He shook his head. “I looked up where it is, that’s all. The rest is instinct.”

“Instinct won’t get you past security, Tomo.”

Tomo took my hand; his body was shaking from the deep breaths he was taking, and his face almost glowed with adrenaline. I’d only seen him look this way when he was in a kendo match, or when he had thrown himself into a drawing. “We need to find the Magatama,” he said. “At all costs.”

“And you think it’s in there?”

“You can’t see it?” he said. I stared, but saw nothing. “I don’t mean with your eyes,” he said, playfully tapping the back of my head. “It’s like a sun. It’s radiating heat.”

I squinted, trying to catch a pulse of flame or infrared light, but nothing. “How can you tell?”

“I can feel the heat, like a burning flame. And, you know, the internet says it’s in the Kashiko-Dokoro shrine to Amaterasu, so that helps.” I rolled my eyes.

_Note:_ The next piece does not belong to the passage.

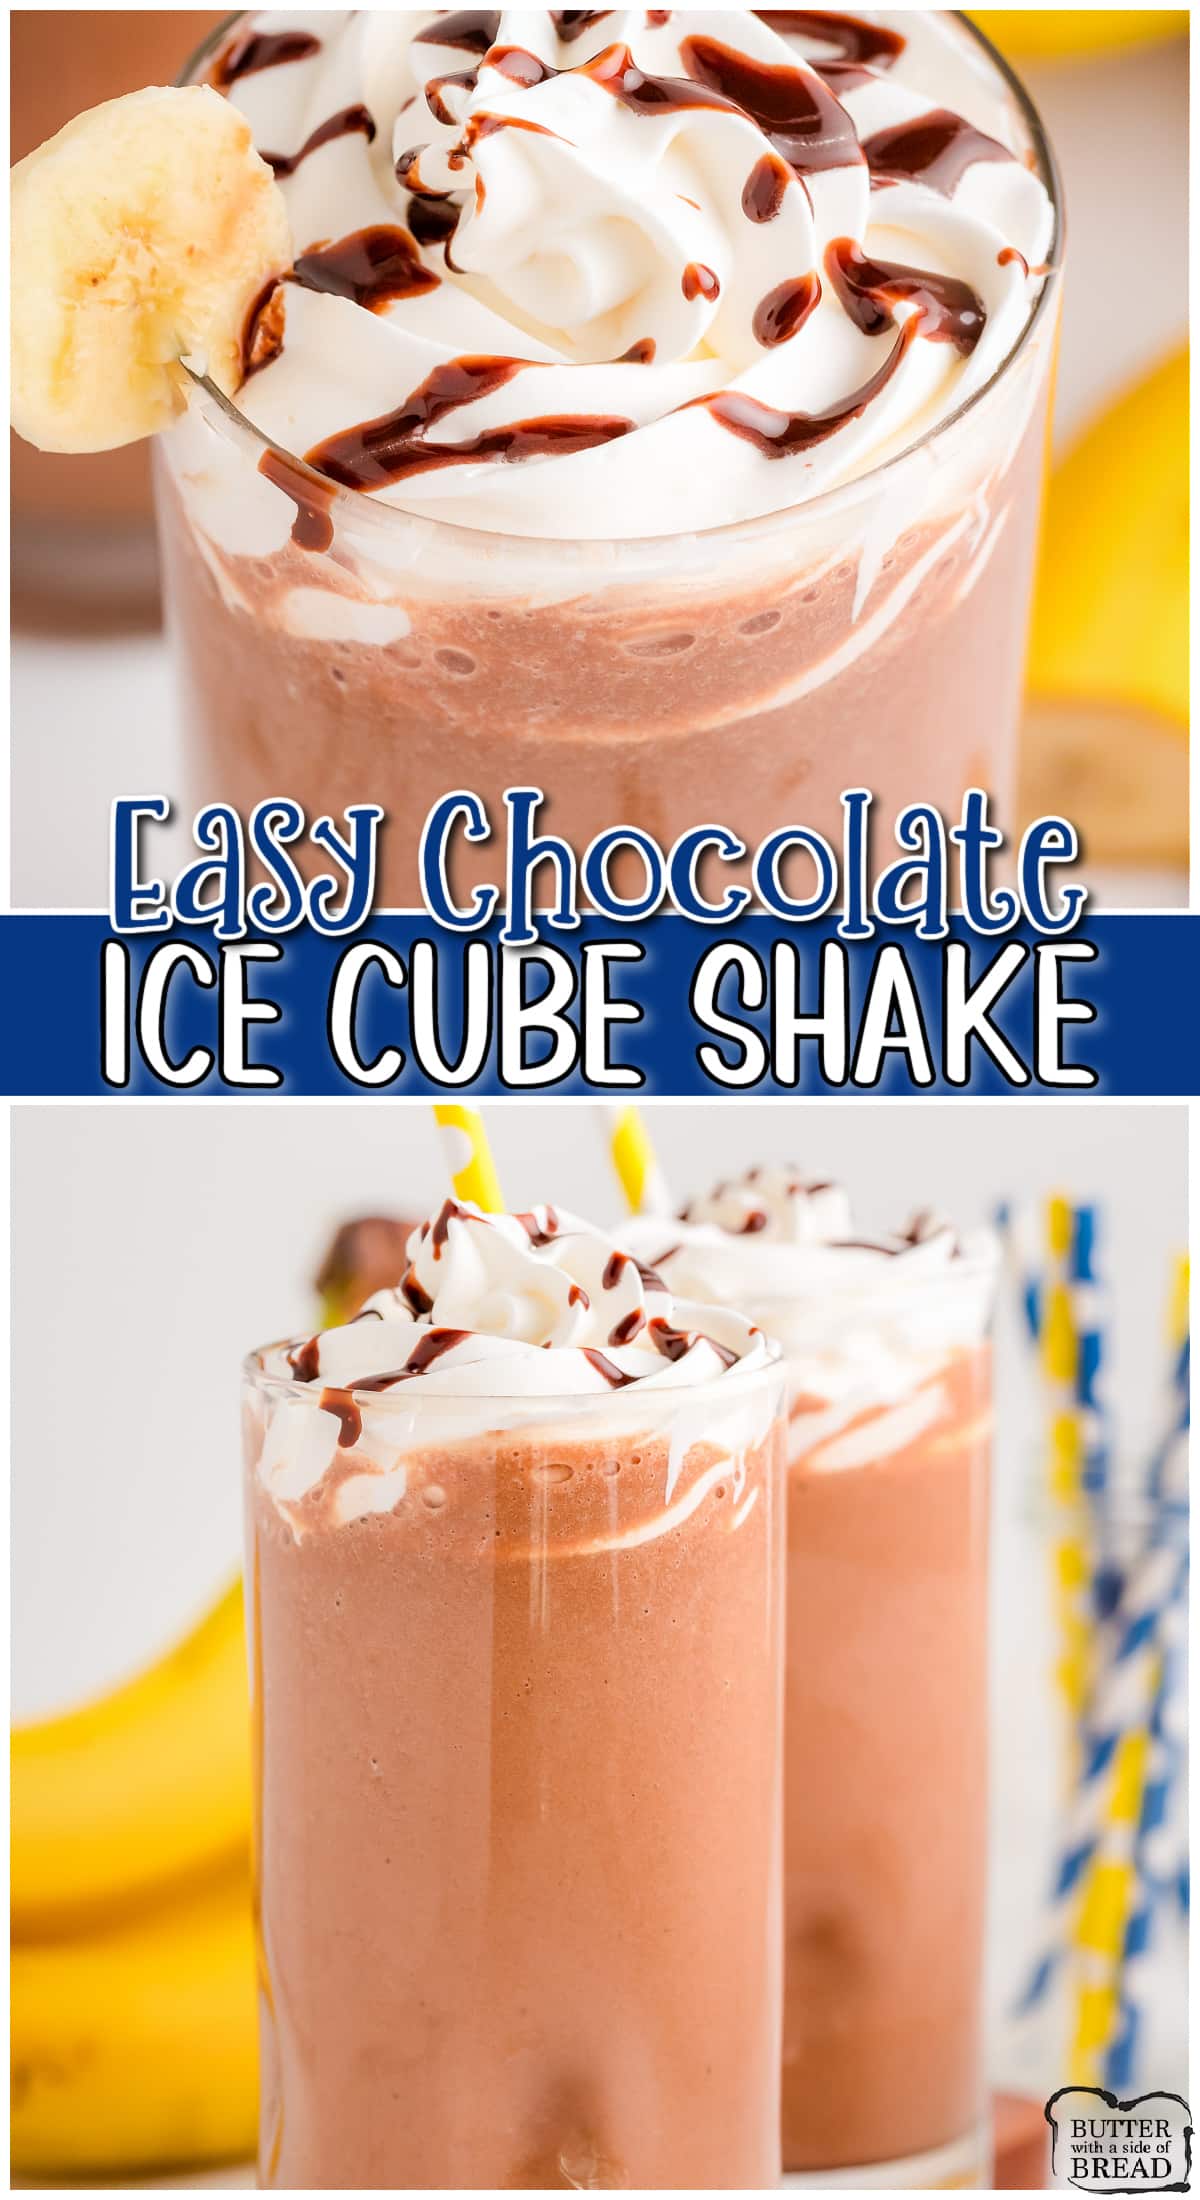 Skinny Chocolate Ice Cube Shake made easy with cocoa powder, a banana, milk and ice cubes! Easy, slushy delightfully chocolate shake that's low calorie & delicious!

We walked slowly toward the edge of the Imperial Palace guesthouse. It’s not like we were trying to break into the actual palace where the royal family lived, I thought, but I’m sure we weren’t the first to try and wander the grounds on our own. There would definitely be guards and surveillance cameras.

“We can’t do this,” I said.

“Turn back if you need to,” Tomo said. “The tour group is still there.”

“Tomo, you’re going to get in huge trouble.”

“Only if I get caught,” Tomo said. “And I’ve got a few good excuses ready.”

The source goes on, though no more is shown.